*GIVEN MATERIAL*:

§ §

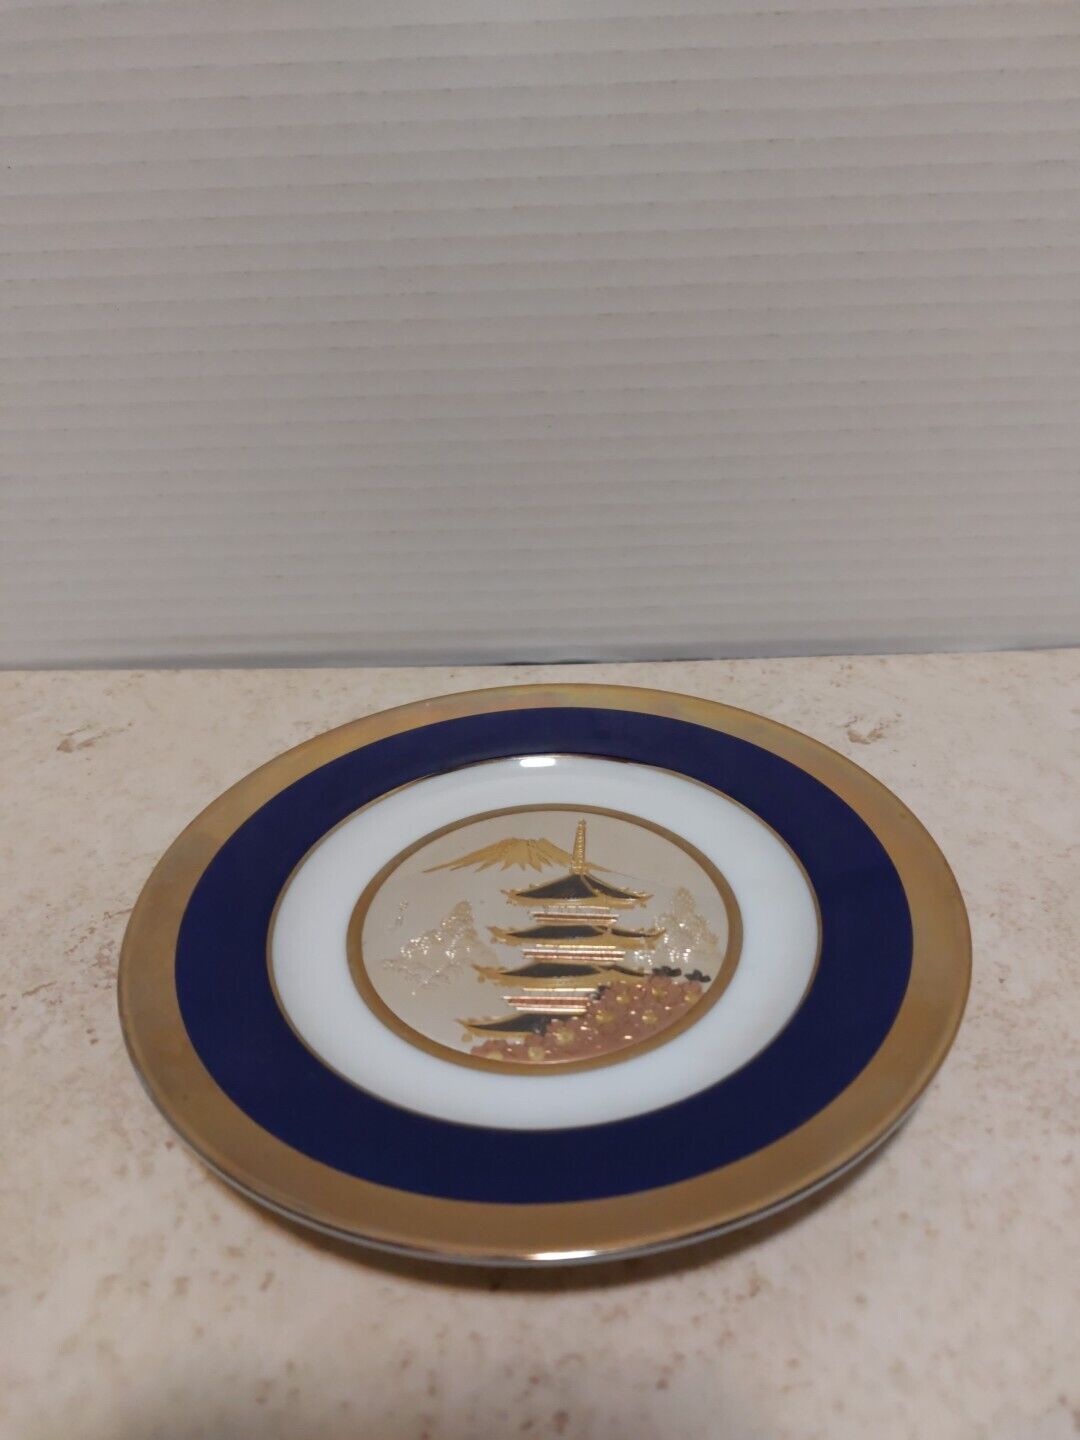 VTG Sun Flower Chokin Plate 24K Gold Edged Plate Trinket Dish Made in Japan
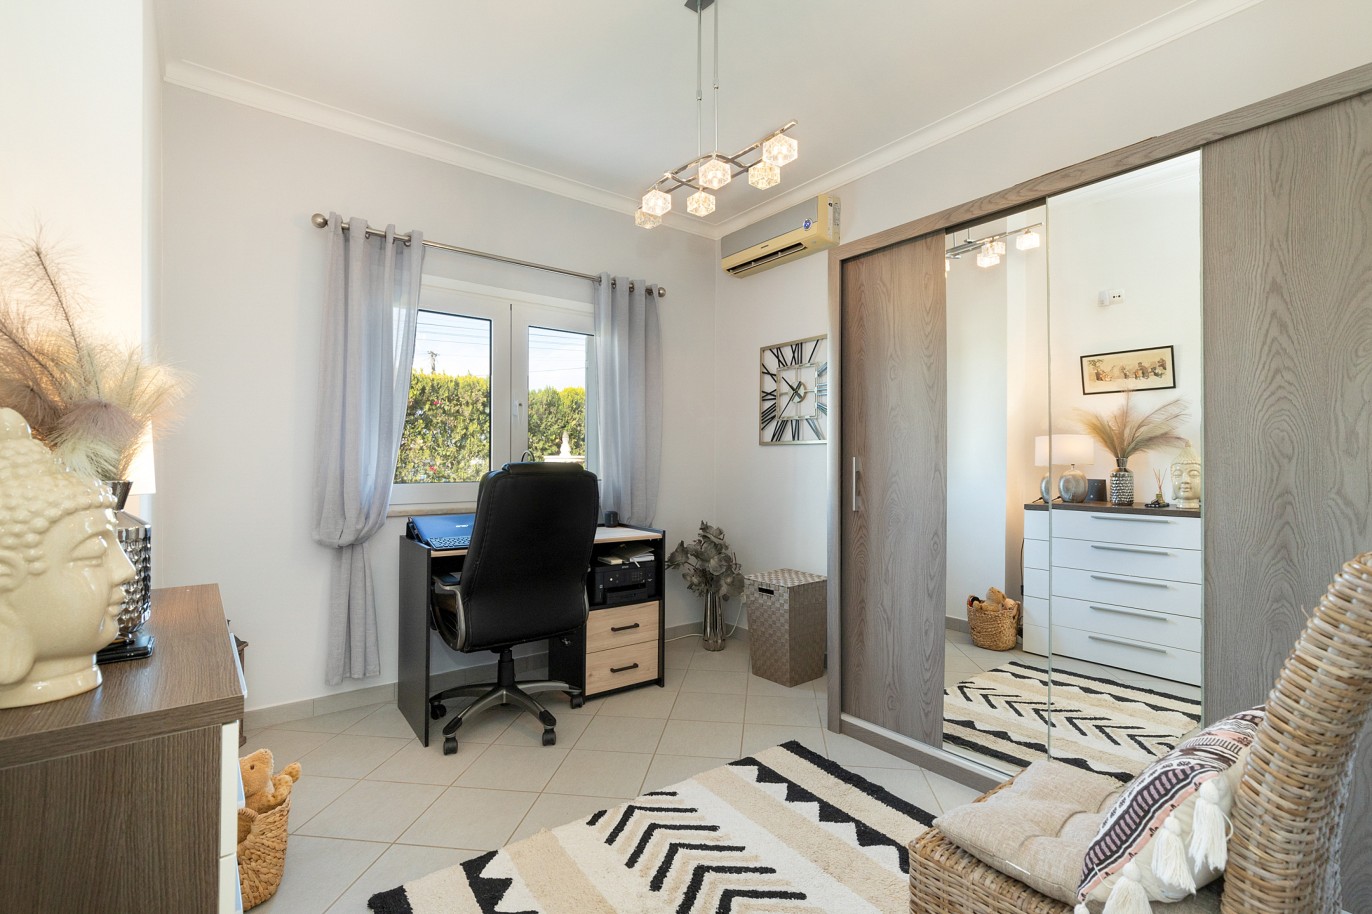 Fantastic 3 bedroom villa with pool, for sale in Algoz, Algarve_215663
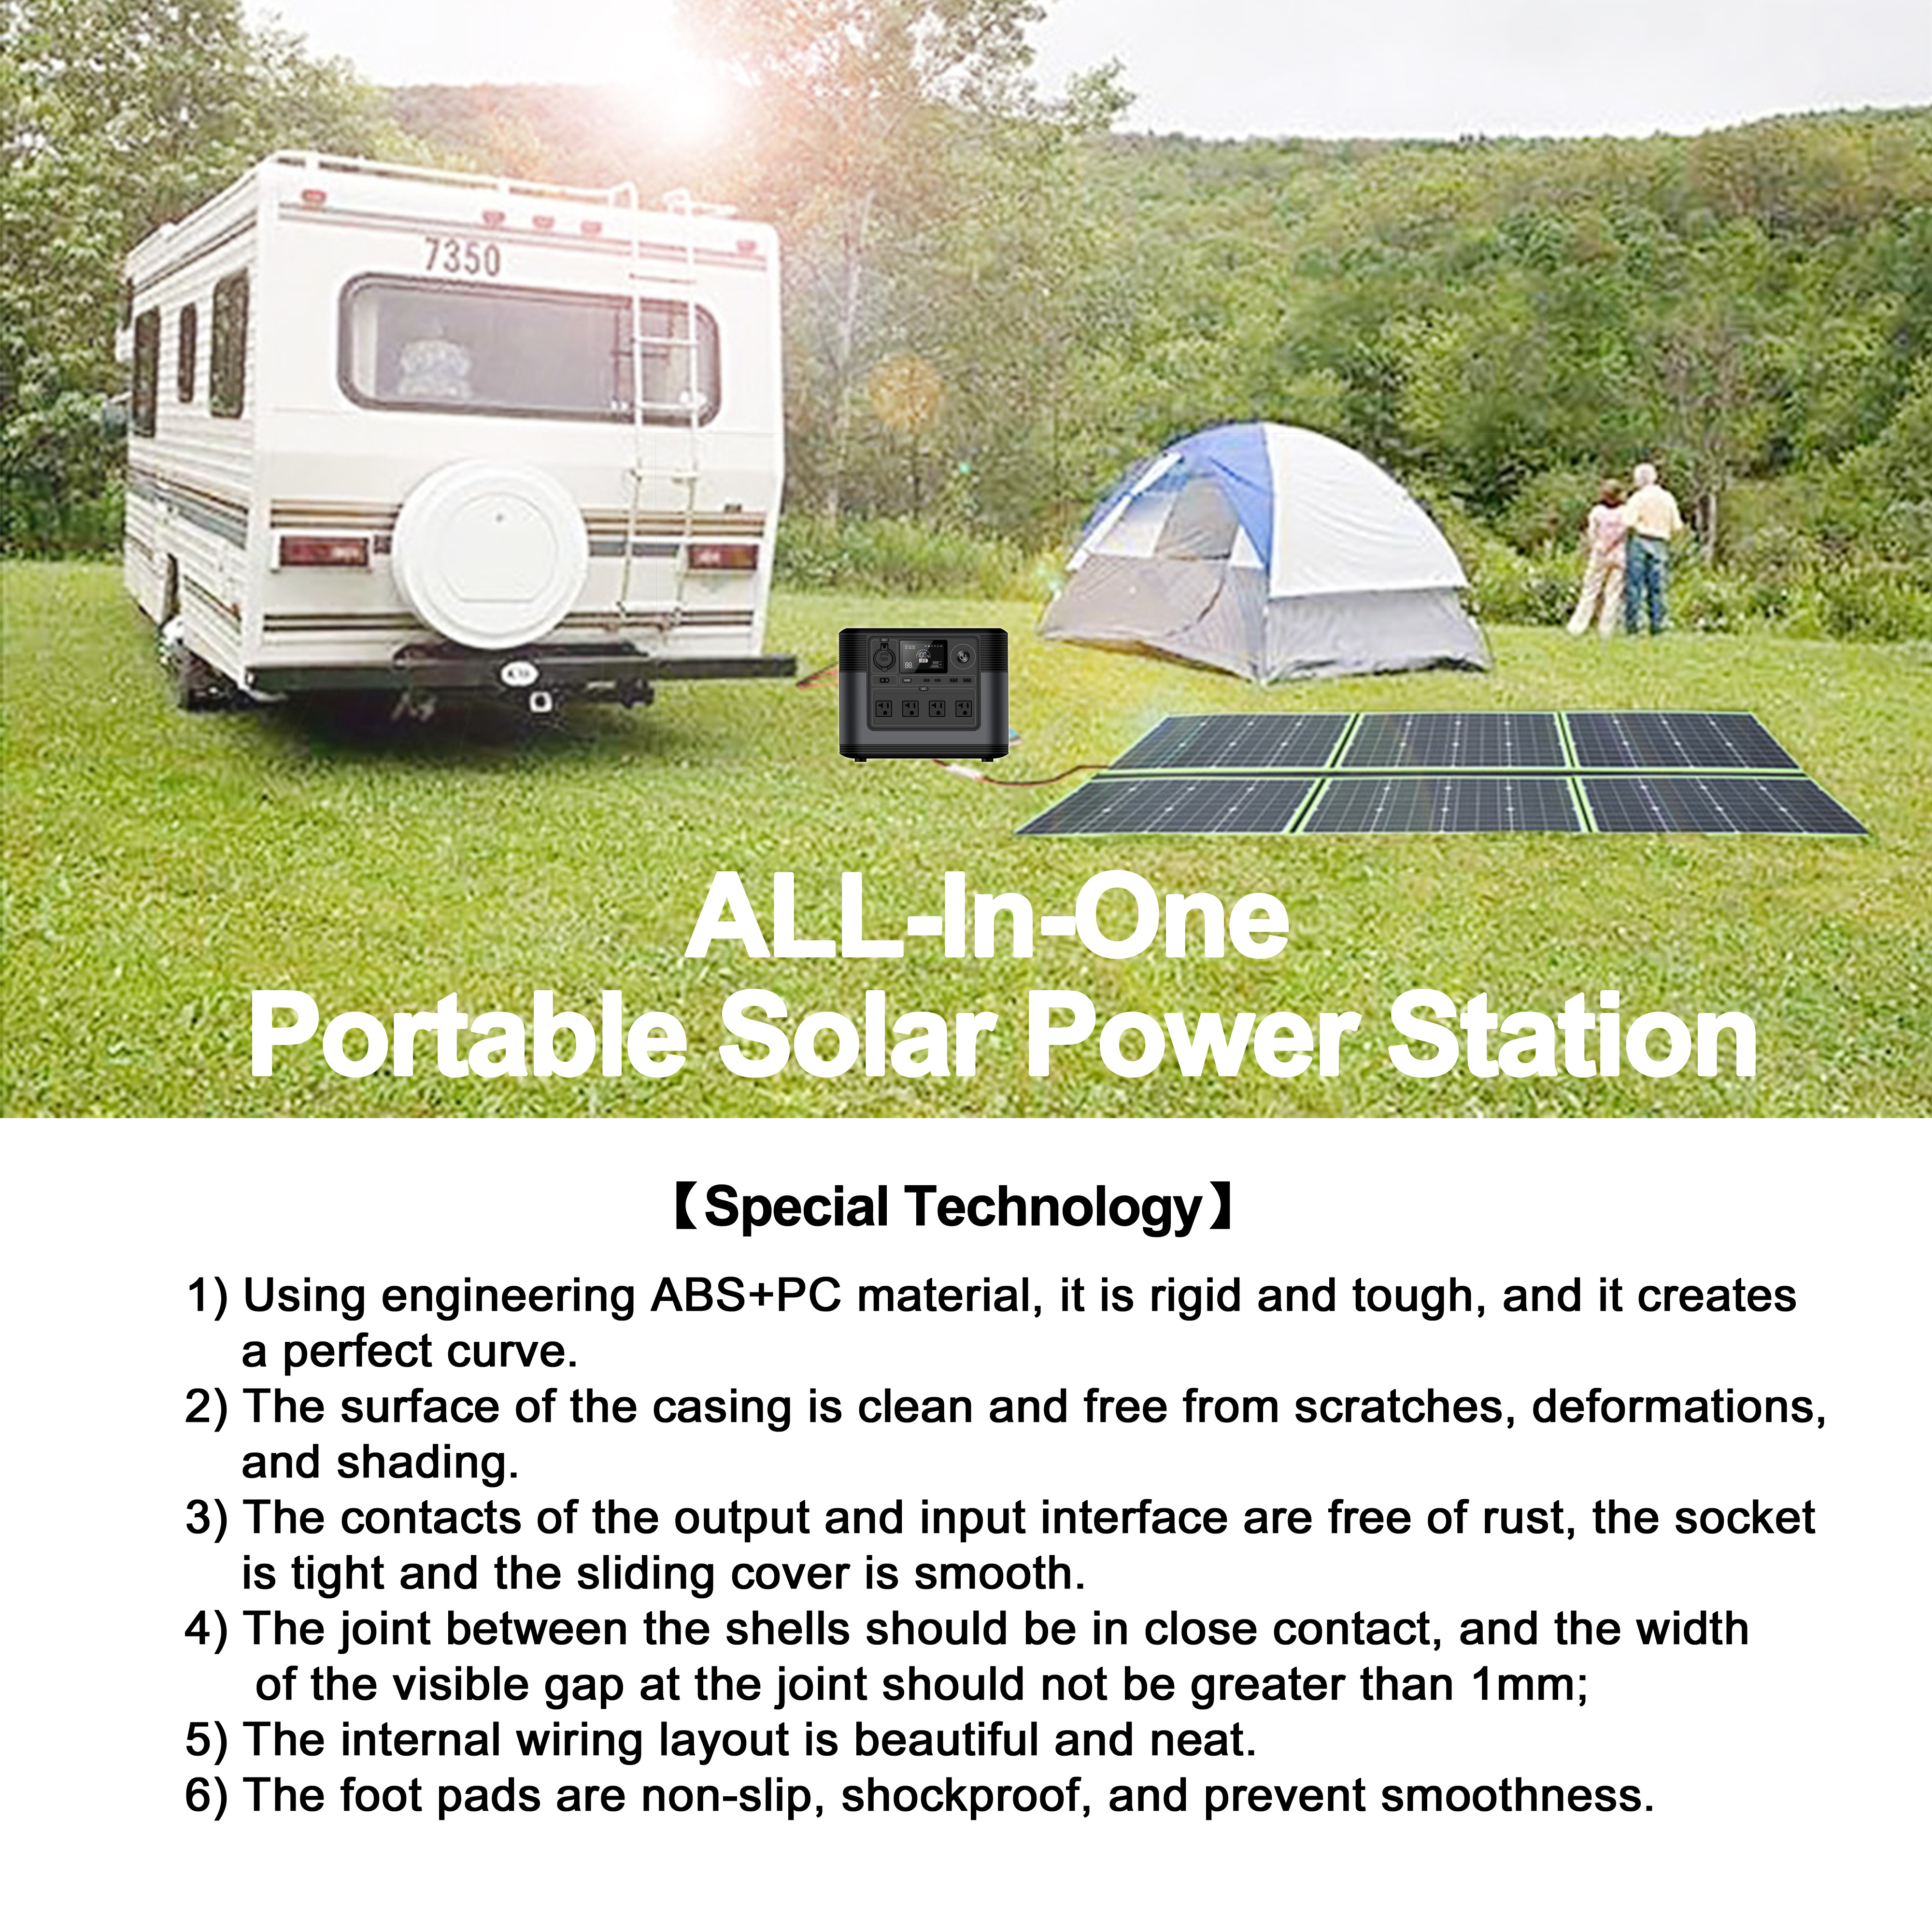 Solar Generator 1200W Mobile Portable Power Station 1500MAH 1008Wh

§ §

*EXERCISE INSTRUCTIONS*:
Your copy should hold each line above exactly and no pictures at all.

*ANSWER TO THE EXERCISE*:
 VTG Sun Flower Chokin Plate 24K Gold Edged Plate Trinket Dish Made in Japan
 Fantastic 3 bedroom villa with pool, for sale in Algoz, Algarve_215663
 Solar Generator 1200W Mobile Portable Power Station 1500MAH 1008Wh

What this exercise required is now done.